EXERCISE DESCRIPTION.
Here, set down only the lines between the line that contains "Dudaacvt 8x6ft Christmas" and the final line of the material, both included, exactly as written. Skip the pictures.

RECORDED INFORMATION.
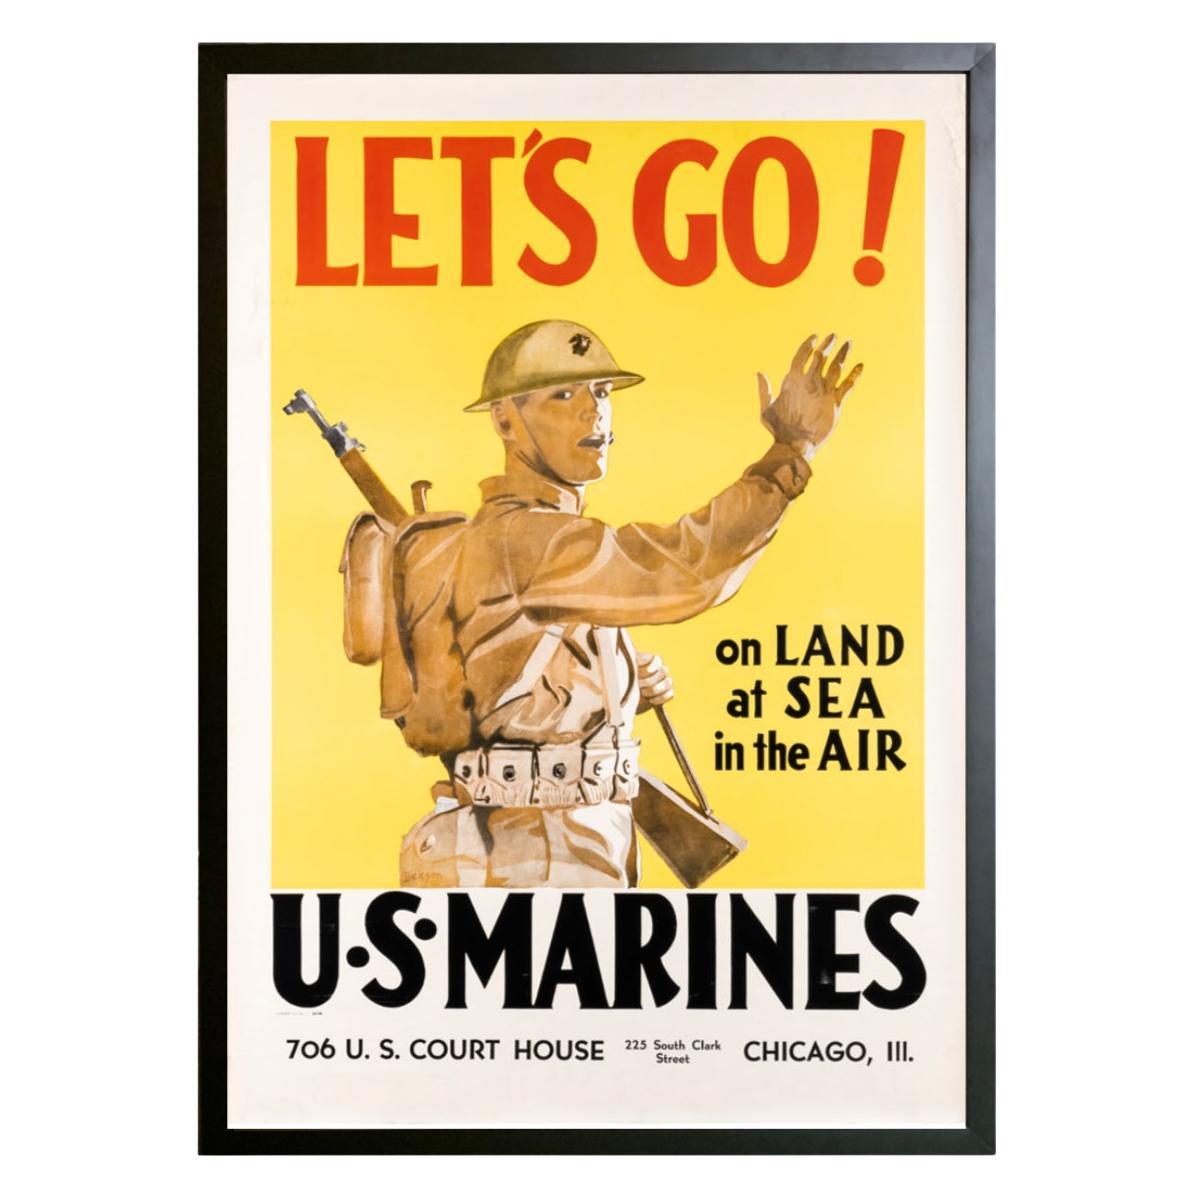 "Let's Go. U.S. Marines" Vintage WWII Recruitment Poster by Dickson, 1941 For Sale
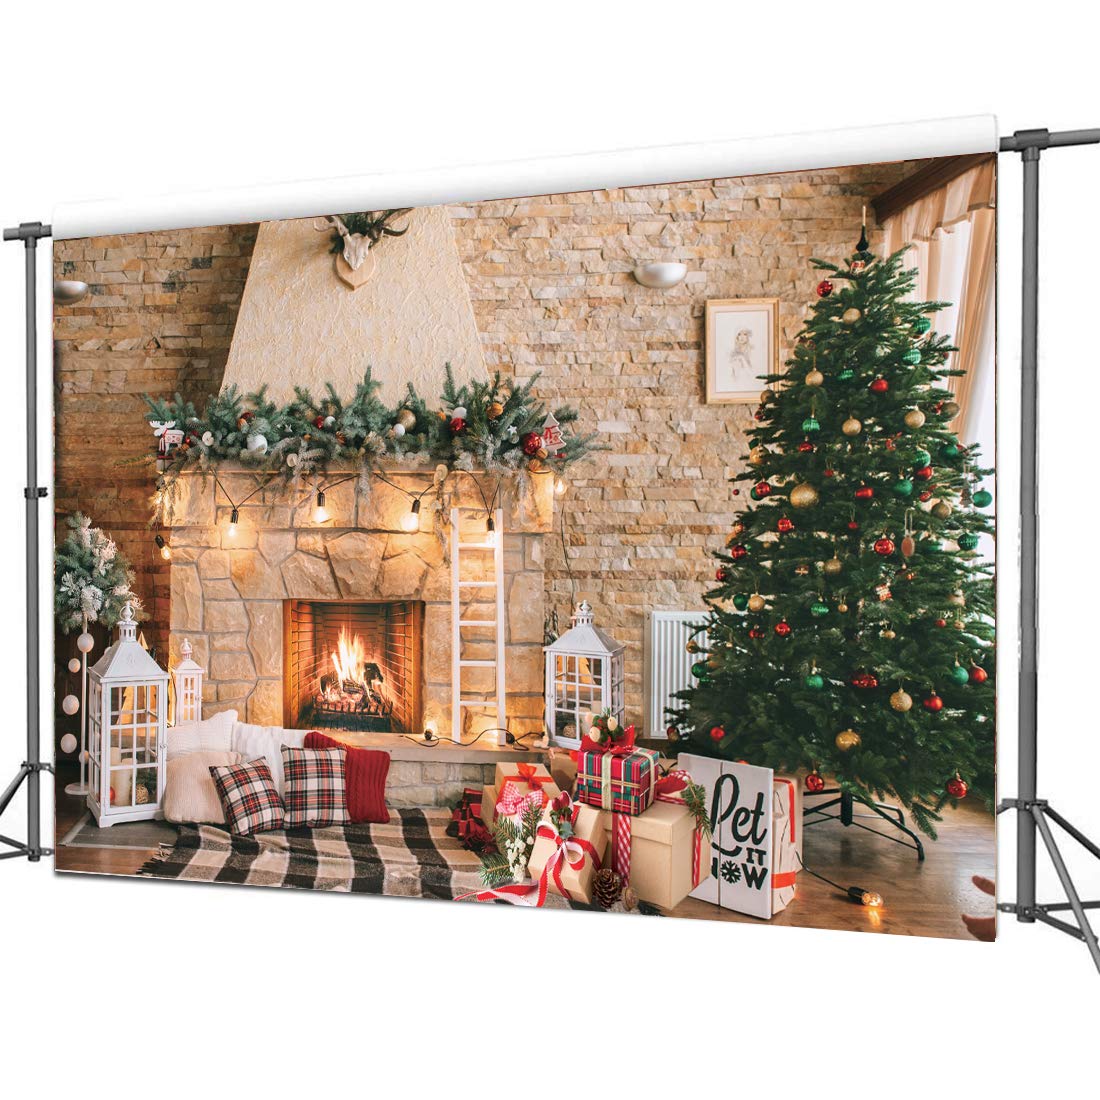 Dudaacvt 8x6ft Christmas Fireplace Theme Backdrop for Photography Christmas Photography Backdrop Merry Xmas Sock Gift Decorations Family Party Party Su pplies Banner Booth Props D470
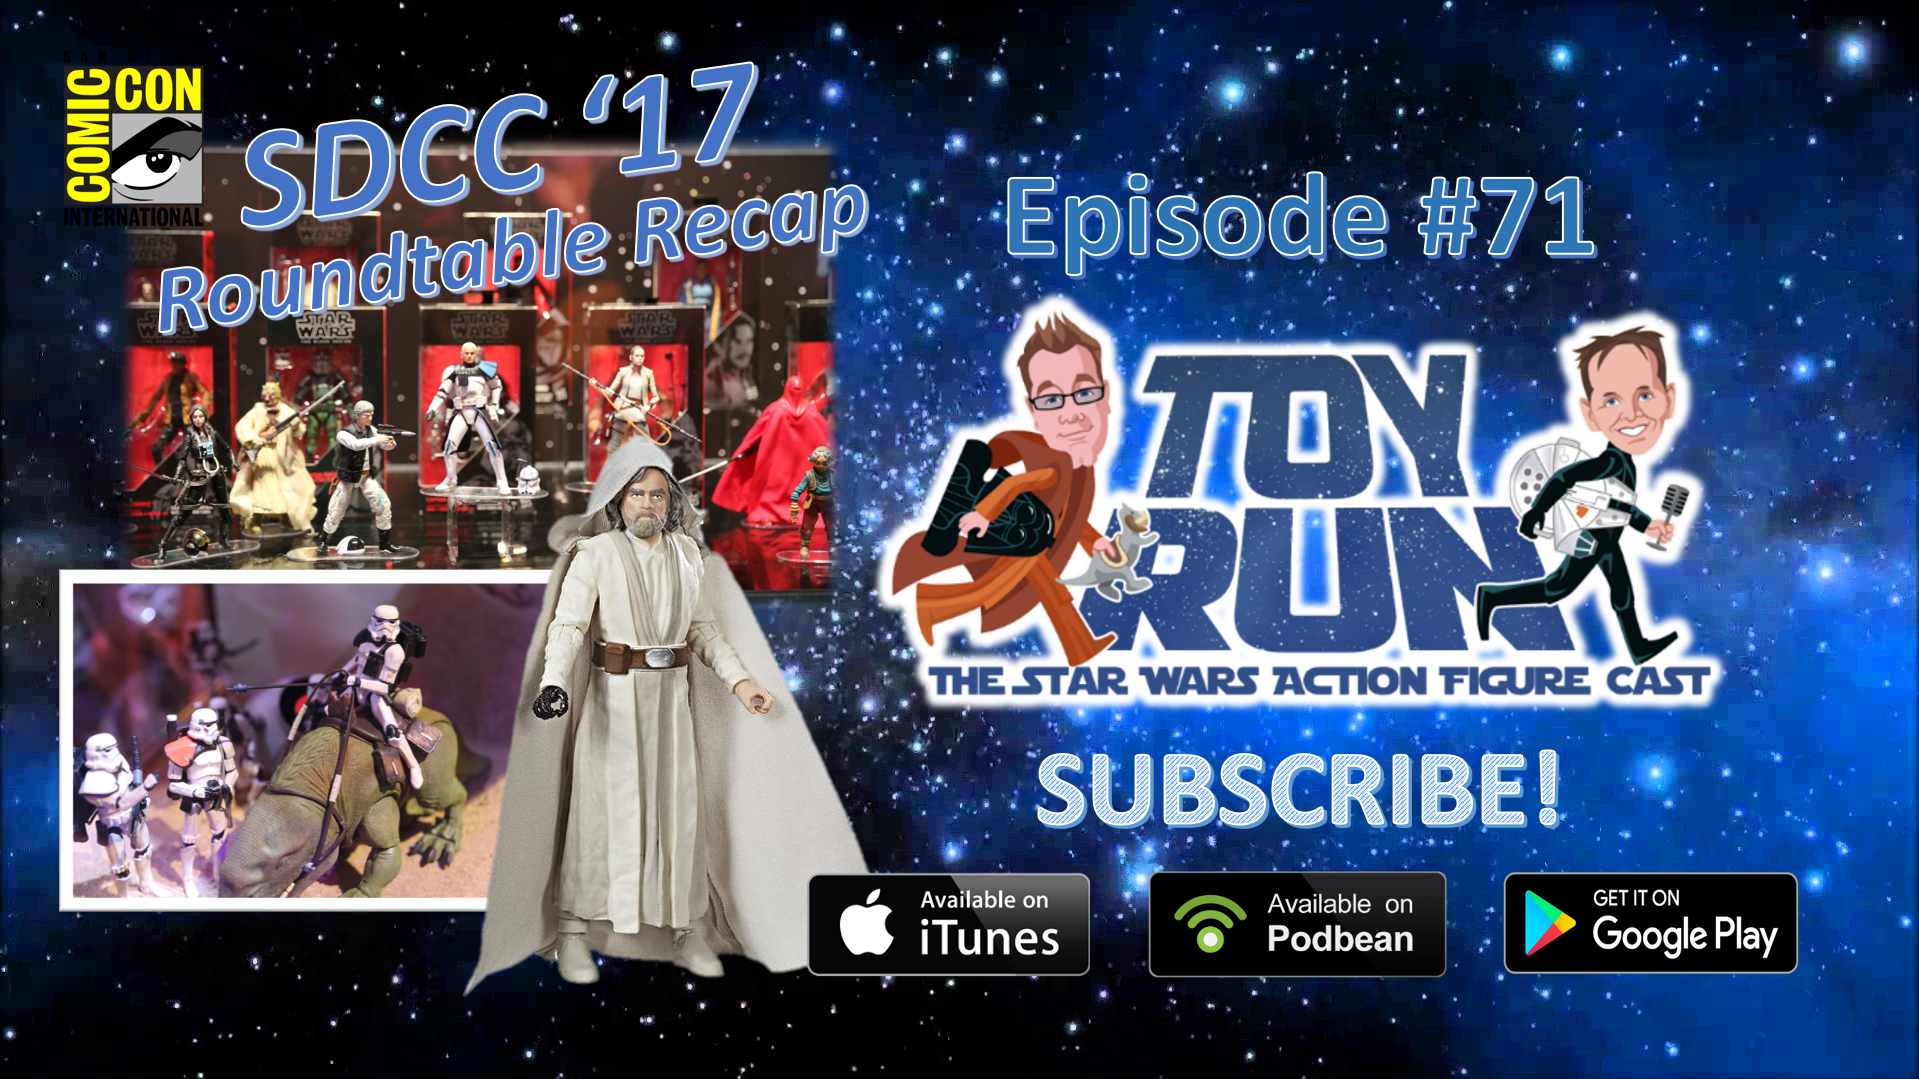 TOY RUN: The SDCC ’17 Episodes
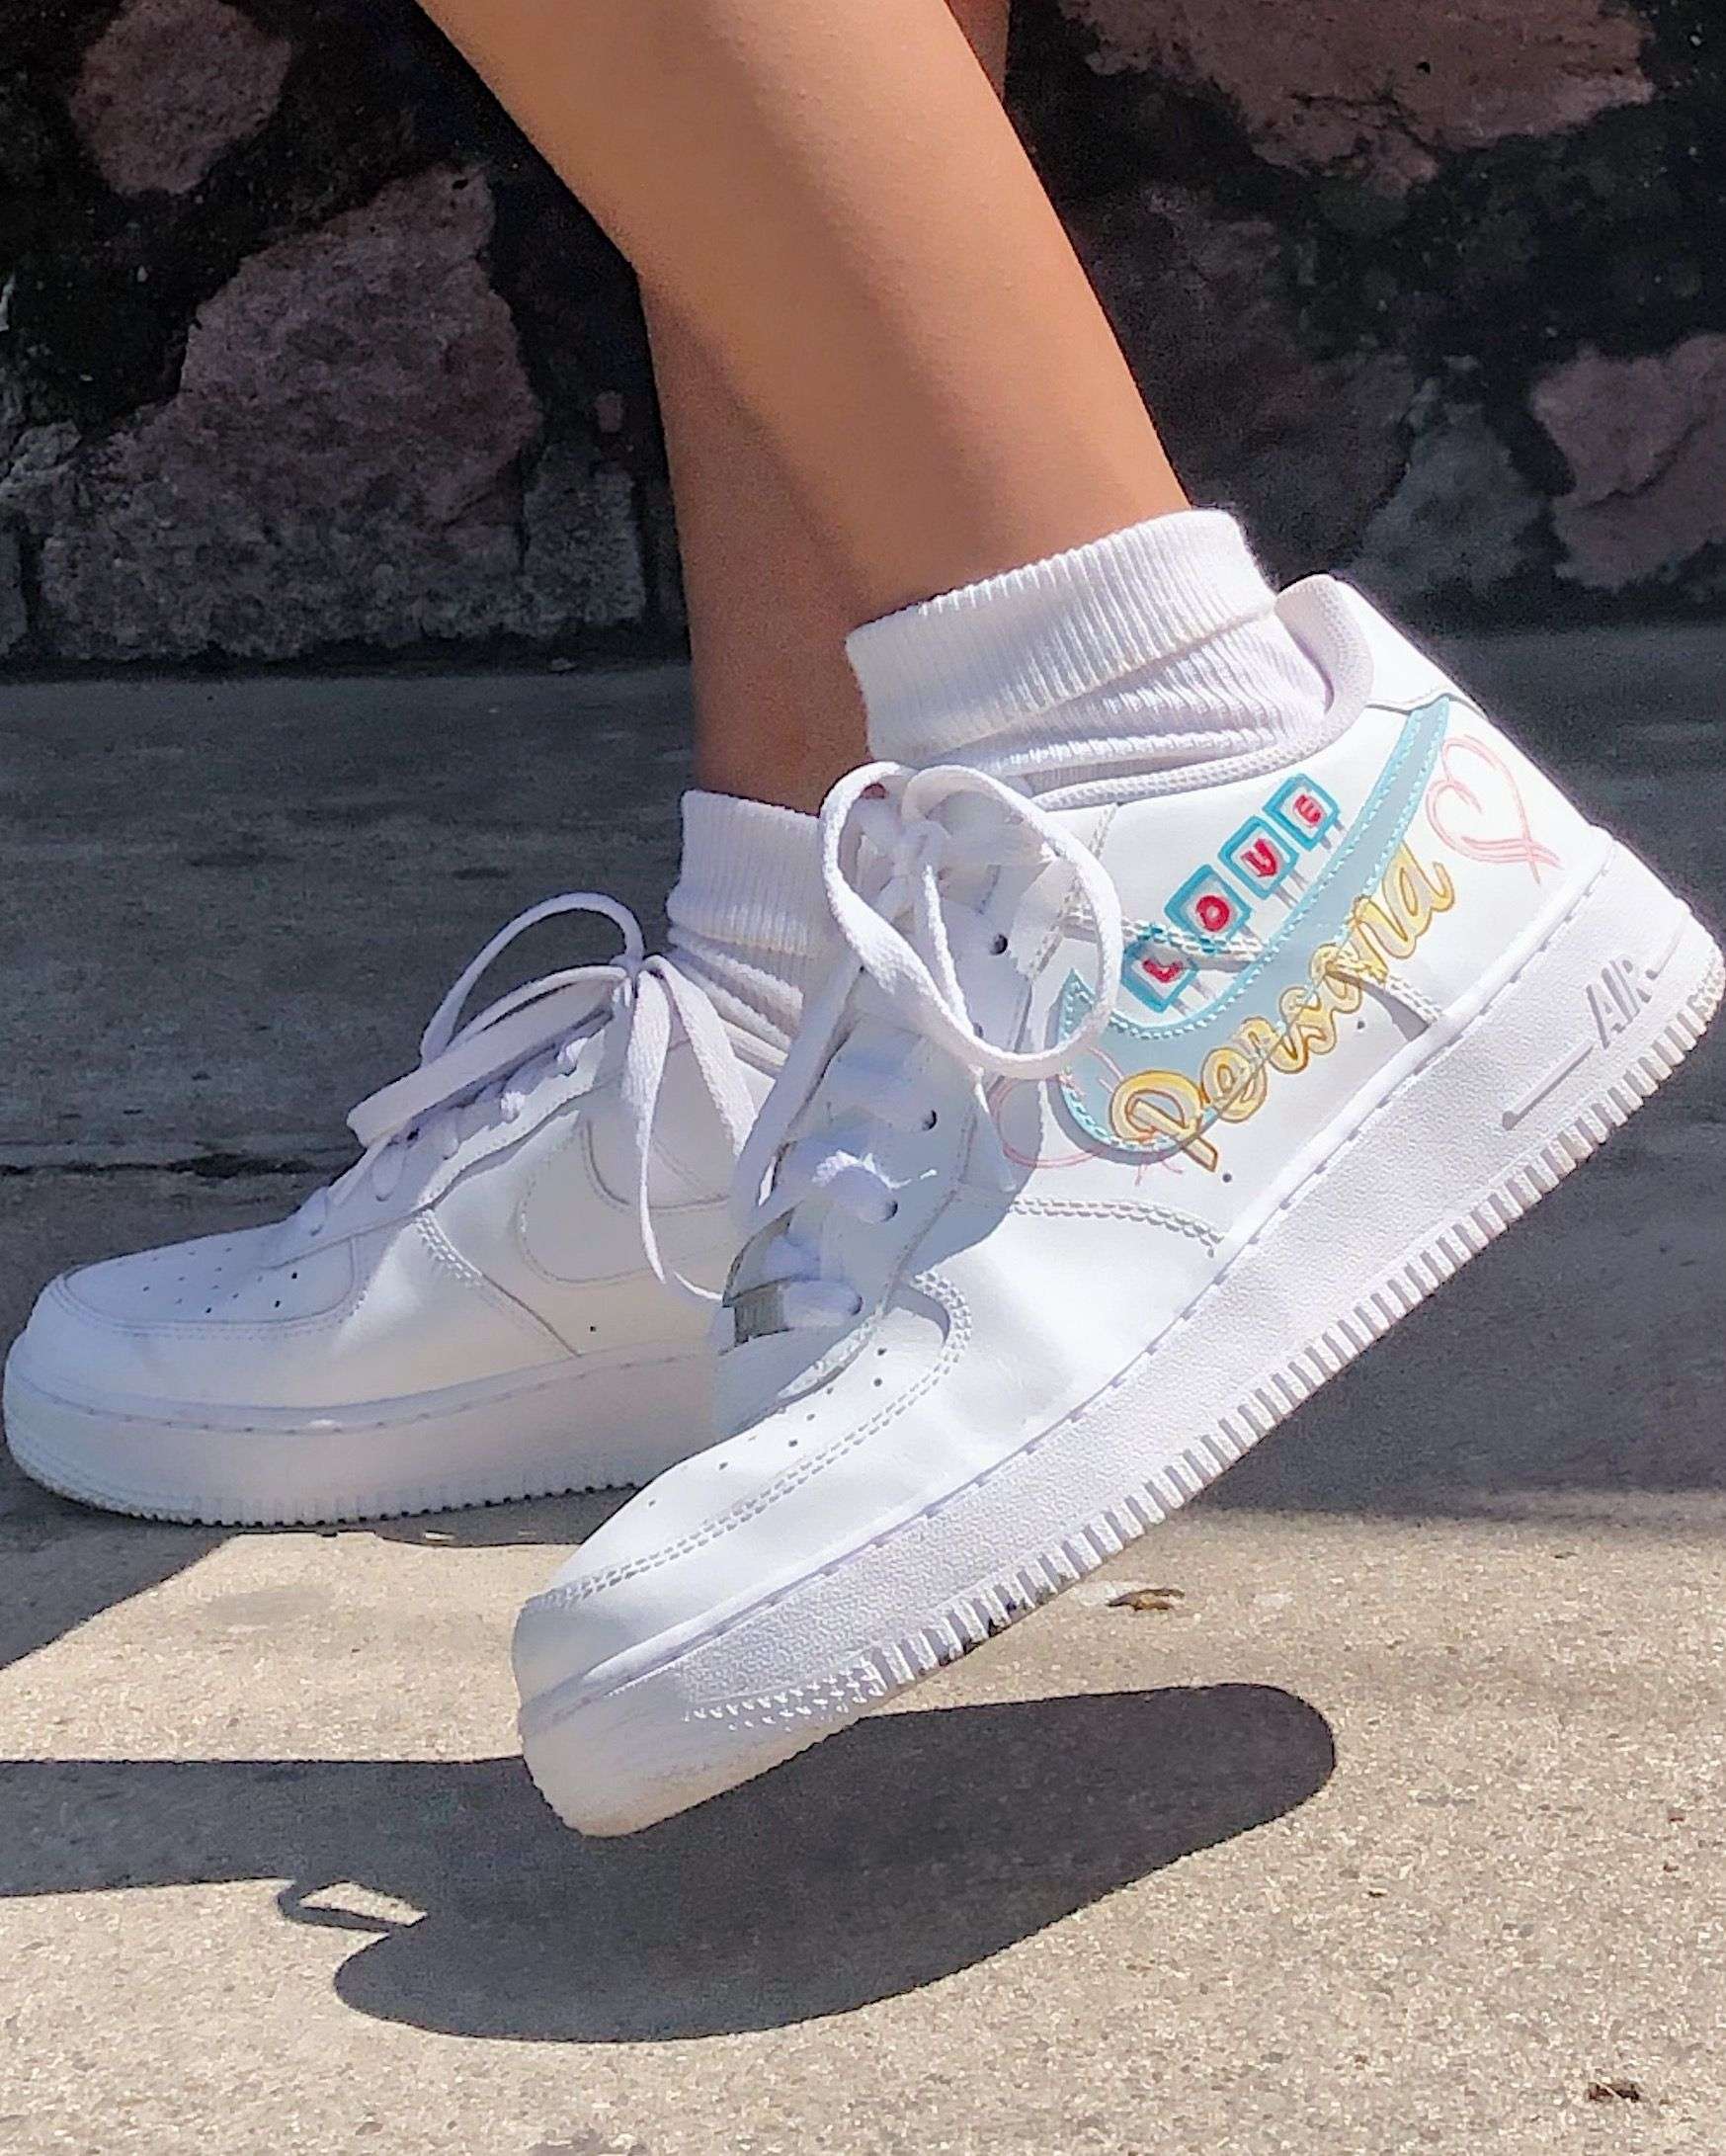 custom shoe bts boy with luv inspired custom shoes by ...

THE COMPLETED TASK.
 Dudaacvt 8x6ft Christmas Fireplace Theme Backdrop for Photography Christmas Photography Backdrop Merry Xmas Sock Gift Decorations Family Party Party Su pplies Banner Booth Props D470
 TOY RUN: The SDCC ’17 Episodes
 custom shoe bts boy with luv inspired custom shoes by ...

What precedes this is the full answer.